Dao-AILab / flash-attention

Fast and memory-efficient exact attention
BSD 3-Clause "New" or "Revised" License
13.26k stars 1.2k forks source link

using custom attention mask #584

Open whatisslove11 opened 11 months ago

whatisslove11 commented 11 months ago

Hello! I am doing a translation task and would like to try using flash attention in my model In addition to the usual triangular mask, I also need to mask padding tokens so that the model does not pay attention to them - sequences of the same length already arrive in the model itself As I understand it, there is no function of feeding your mask yet Could you tell me how I can use my mask or make flash attention add padding tokens to the mask itself?

whatisslove11 commented 11 months ago

@tridao

tridao commented 11 months ago

You can look at how we do it in BERT: Remove all padding tokens before the first layer.

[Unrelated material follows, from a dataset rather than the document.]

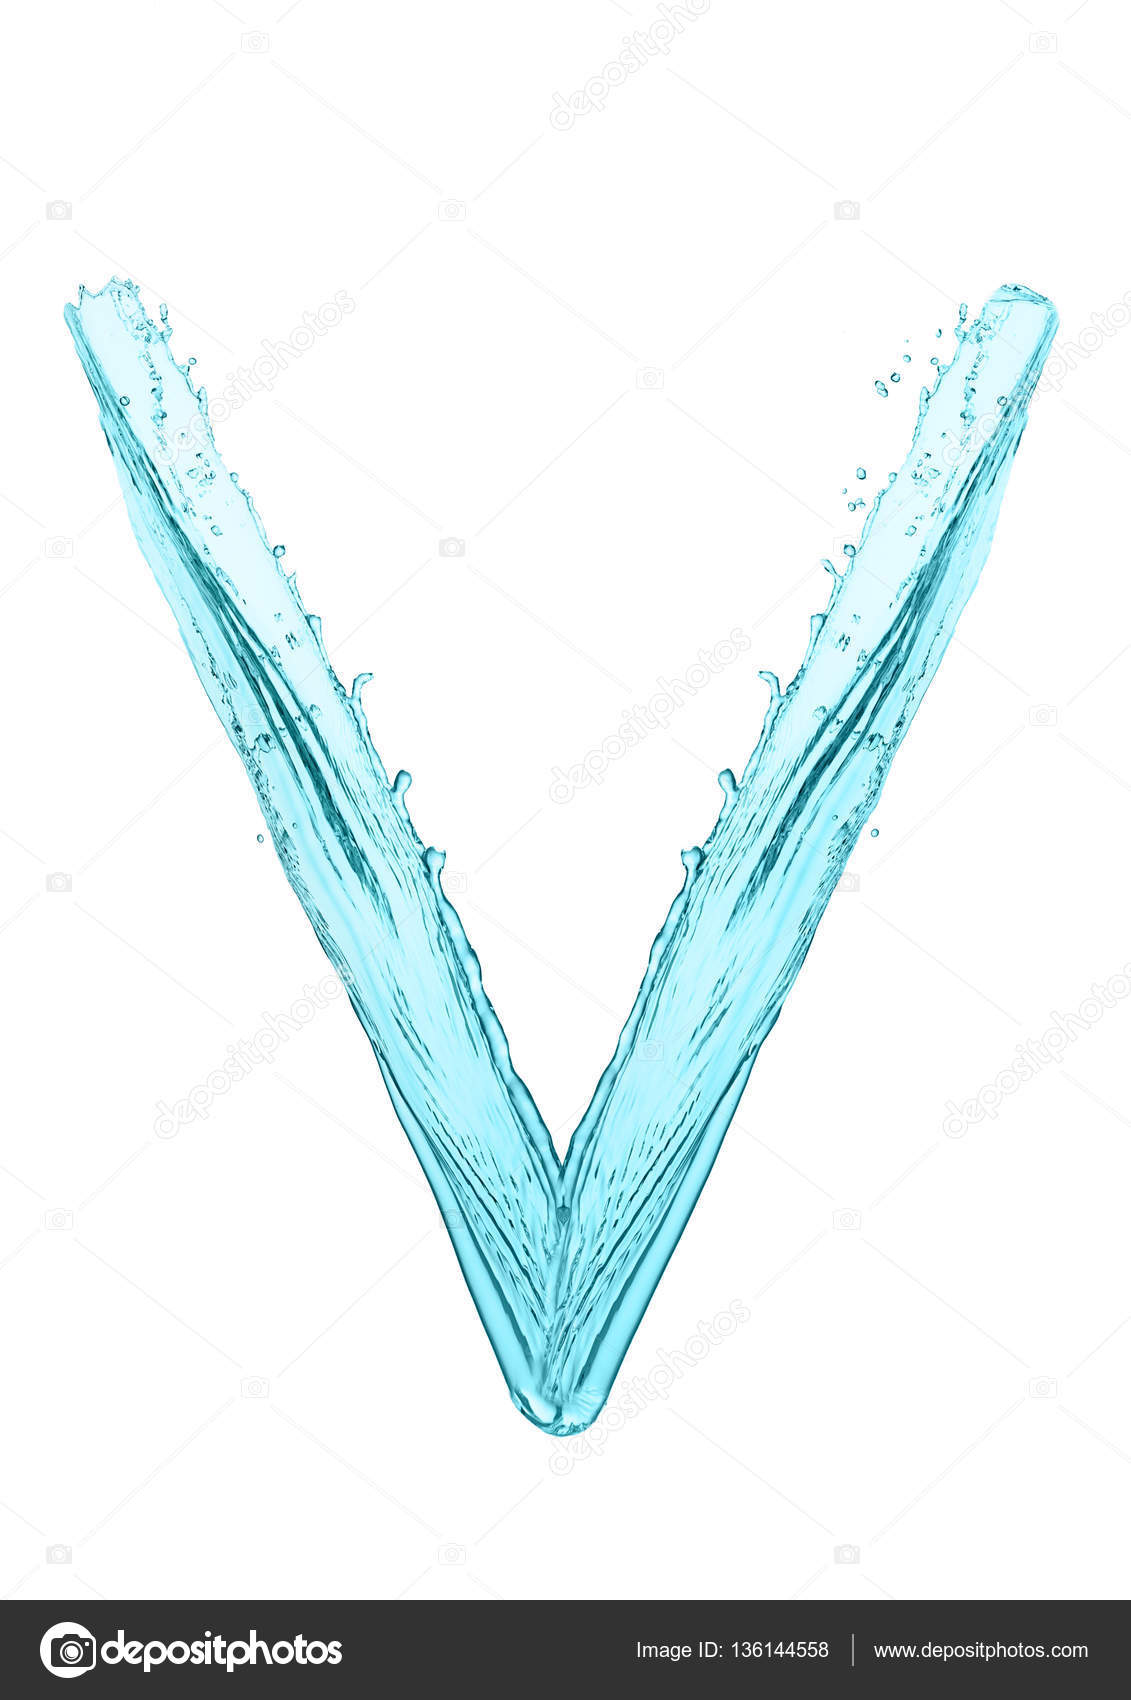 Water Splash Letter V With Light Blue Color Stock Photo By C Denismart

Idk if that works for translation.

flower-with-safe commented 11 months ago

what if I want to use reset-attention-mask when pretrain a llama model? for example, my attention mask could be: tensor([[1., 0., 0., 0., 0., 0., 0., 0., 0., 0.], [1., 1., 0., 0., 0., 0., 0., 0., 0., 0.], [1., 1., 1., 0., 0., 0., 0., 0., 0., 0.], [1., 1., 1., 1., 0., 0., 0., 0., 0., 0.], [0., 0., 0., 0., 1., 0., 0., 0., 0., 0.], [0., 0., 0., 0., 1., 1., 0., 0., 0., 0.], [0., 0., 0., 0., 1., 1., 1., 0., 0., 0.], [0., 0., 0., 0., 1., 1., 1., 1., 0., 0.], [0., 0., 0., 0., 1., 1., 1., 1., 1., 0.], [0., 0., 0., 0., 1., 1., 1., 1., 1., 1.]]) in such case how could I use flash attention? @tridao

sentialx commented 11 months ago

@tridao Is it possible to use a PrefixLM attention mask?

tridao commented 11 months ago

No that's not supported.

sentialx commented 10 months ago

It looks like custom attention mask is the most requested feature. In fact, it seems to be already solved by this PR: https://github.com/Dao-AILab/flash-attention/pull/57

iiLaurens commented 10 months ago

Am also much interested in custom masks. I think the value of Prefixlm mask is not appreciated enough. Would like to experiment continuation of pretraining with prefixlm a la UL2RUL2R.

@tridao, are you considering support for a custom attention masks? Or do you have specific objections to it?